Чувствуя себя в ответе за убедительность доказательств в наличии здравого смысла именно в нашем Учении, снова и снова возвращаюсь к, казалось бы, законченной работе о выборе иудаизма хазарским царём в начале девятого века. И никакой мистики, всё складывалось согласно ходу событий. Хазарский каганат, созданный в средине седьмого века кочевым народом, познакомился с евреями во время присоединения территорий Дагестана. Там же оказались и бежавшие от преследований иудеи из Армении, Рима, где властители насильно обращали их в христианство. В Грузии не было антисемитизма; более того, духовная культура иудеев во многом определяла воззрения грузин. Чем и объясняется, что евреи тех мест не устремились в Хазарию, а ограничились перепиской с тамошним царём – Иосифом.

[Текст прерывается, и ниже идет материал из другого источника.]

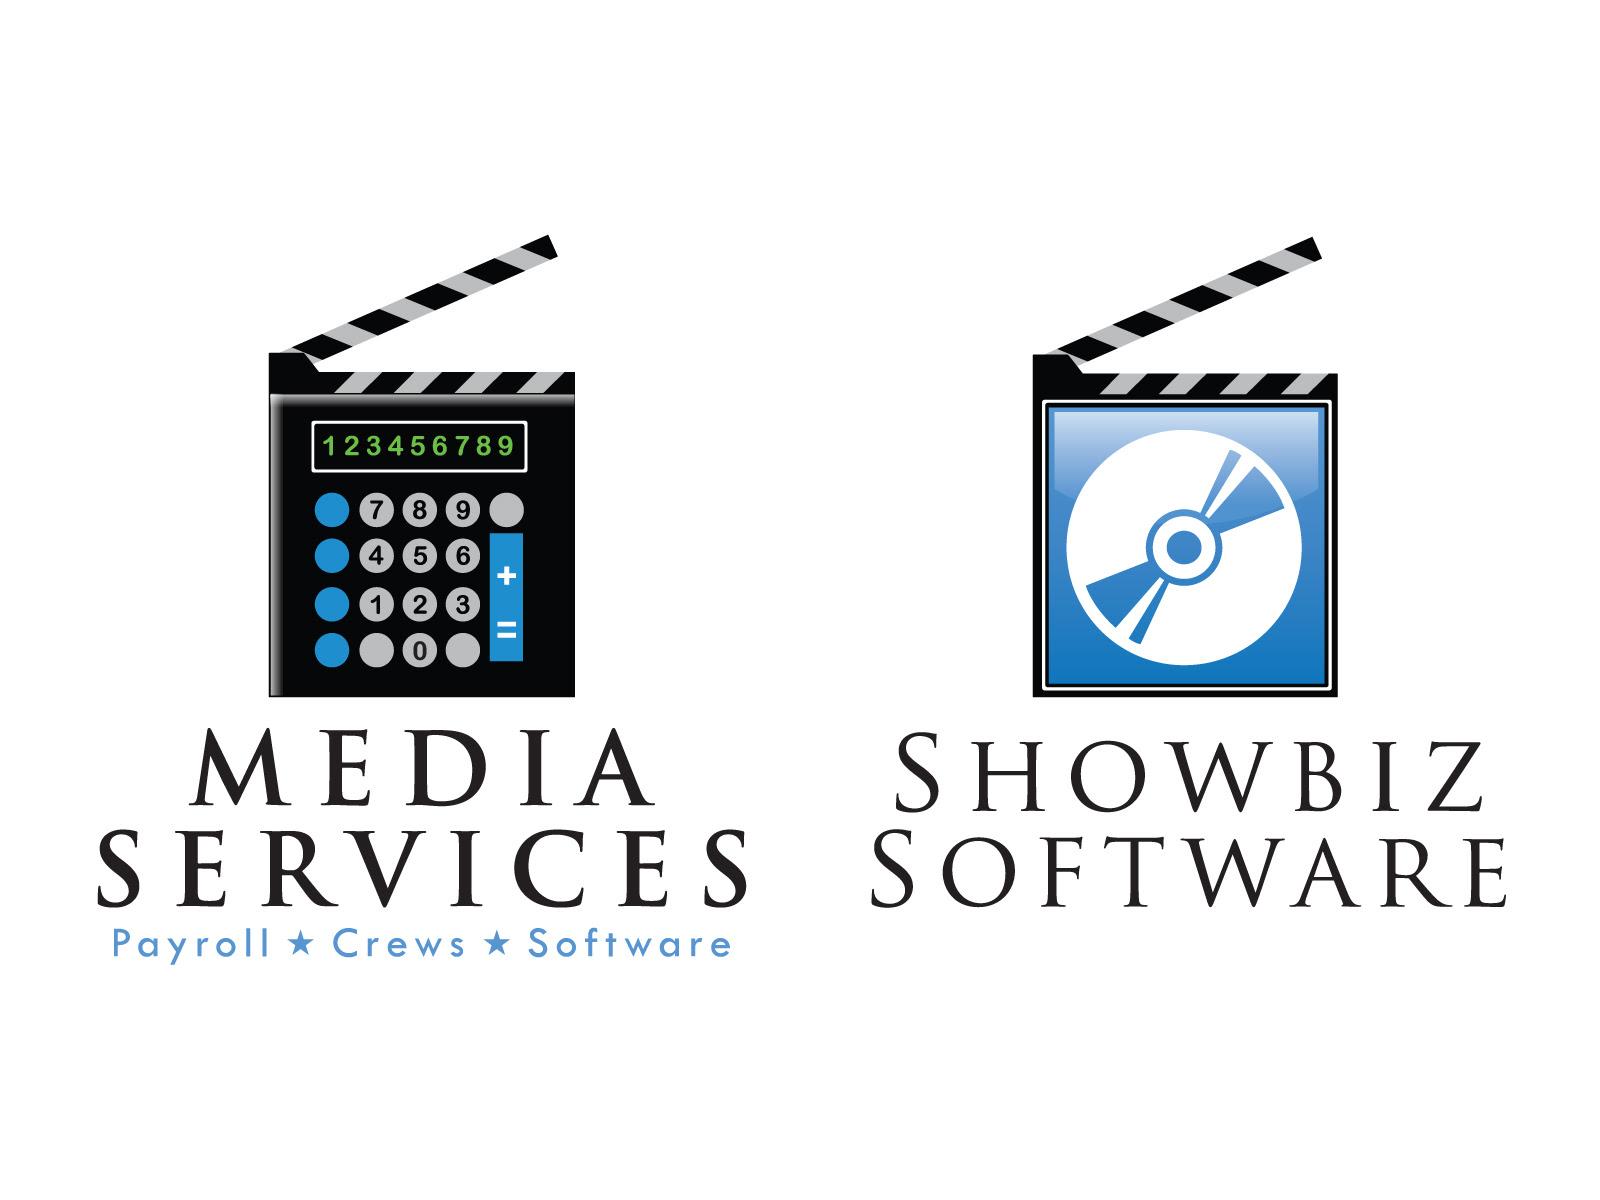 logoTVslide.jpg

«Кузари» – главное дело моей жизни. Поэтов в Испании много, я всего лишь один из них. Как бы ни складывалась моя жизнь, никогда не оставляло сознание, что живём мы из милости на чужой земле. И только наша вера, в которой больше логики и здравого смысла, чем в религиях окружающих народов, сохранит нас. Дабы никто не усомнился в убедительности сюжета, снова и снова обращаюсь к своей, построенной на реальных событиях, книге. В поисках истины правитель Каганата начинает беседу с философа, излагающего неоплатоническое учение, которое, по его мнению, приводит к познанию Бога, пророчеству и святости. «Однако просьба царя привести пример подобного утверждения оказывается для философа непосильной, для него же нет большего заблуждения, чем вера в то, что мир сотворён в течение нескольких дней и что Первопричина беседует с кем-либо из людей».[123] На что Кузари замечает, что «и вещие сны, пророческий дар не присущи философу».

Далее логично обратиться к первой религии, признавшей Единого Бога, – иудаизму. Однако из-за униженного положения евреев, отсутствия у них своего государства и нелюбви окружающих народов хазарский царь приглашает к себе не иудея, а сначала христианина, затем мусульманина. Те, утверждая истинность своей веры, говорят о библейских свидетельствах сотворения мира, выходе евреев из Египта и даровании Торы сынам Израилевым. Кузари только и остаётся обратиться к раввину – представителю первоисточника единобожия. Раввин начинает беседу с признания философов, то есть значения человеческого разума. Путём разума можно прийти к интеллектуальному постижению. При этом разум имеет свои пределы и без помощи свыше не творит чудеса.

Вдохновила меня на работу над «Кузари» переписка мудрого, талантливого еврея Хасдая ибн Шапрута, первого министра просвещённого эмира Абд ар-Рахмана III с хазарским царём Иосифом. В 945 году Хасдай писал, что готов бросить всё – свое высокое положение, богатства и отправиться к нему – в иудейское царство. Представляю восторг министра эмира, когда он получил написанное на иврите письмо царя Иосифа, которое тот закончил словами: «Наши взоры обращены к Богу, к мудрецам Израиля в академиях Иерусалима и Вавилонии… Да ускорит Бог обещанное освобождение Израиля, да соберёт свой рассеянный народ ещё при нашей жизни!»